Conclusion: There Is No One Size That Fits All
Of course, there are many people who identify as vegan who simply stick to not eating animal products, and refraining from buying the more obvious animal products (such as leather and wool) and products that they know to have been tested on animals (such as most cigarettes).
Varying Levels of Veganism
Ultimately, each person’s level of veganism is up to them, just as people follow religions to different levels of strictness and orthodoxy, it’s all down to personal choice. Though there are some vegans who suggest so-called “dietary vegans” are not “real” vegans, that is an opinion that is not really very helpful for those trying to promote veganism as it is likely to alienate new vegans if they are told they are not doing it “properly”.
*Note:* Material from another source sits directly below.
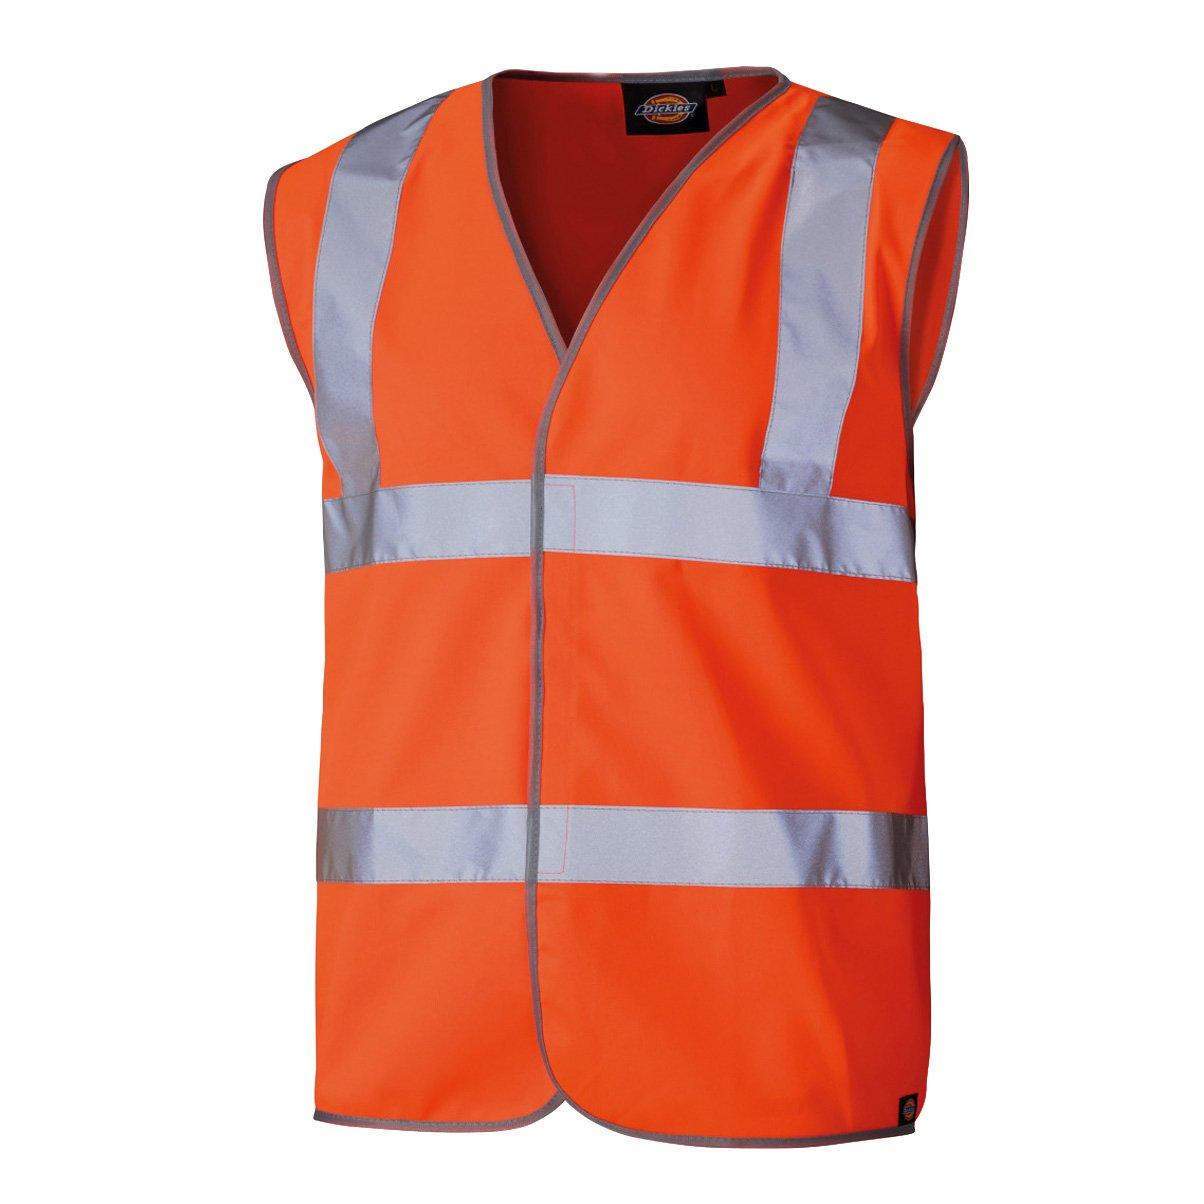 Dickies Sicherheitsweste mit Klettverschluss gelb AA XXL, SA22010 SA22010 AA XXL

Moreover, whilst we believe veganism is bigger than just diet, the vast majority of animal suffering and death is caused by the food industry. Cutting out meat, fish, dairy and eggs from one’s diet would go a huge way to creating a more vegan world. Beyond that, there is certainly a degree of diminishing returns and looking at one’s diet first is certainly a brilliant place to start.
So, if you are a new vegan, or you want to simply increase the amount of vegan food you eat for environmental or health reasons, it is perfectly fine to take things one step at a time (indeed, we have a Go Vegan in Five Steps article that might help you move towards veganism without feeling any pressure).
Do Whatever Feels Right to You!
The bottom line is that moving towards veganism can be a positive step for your health, the environment and, of course, animals; but that it is all about doing what fits in with your values and at a pace with which you are comfortable.
There is plenty of information about veganism in general and the various vegan-friendly food and other products that are available on our site. So, do some research, assess the potential benefits to your life (and the lives of others) and – if it looks like it might work for you – take the first steps of your vegan journey.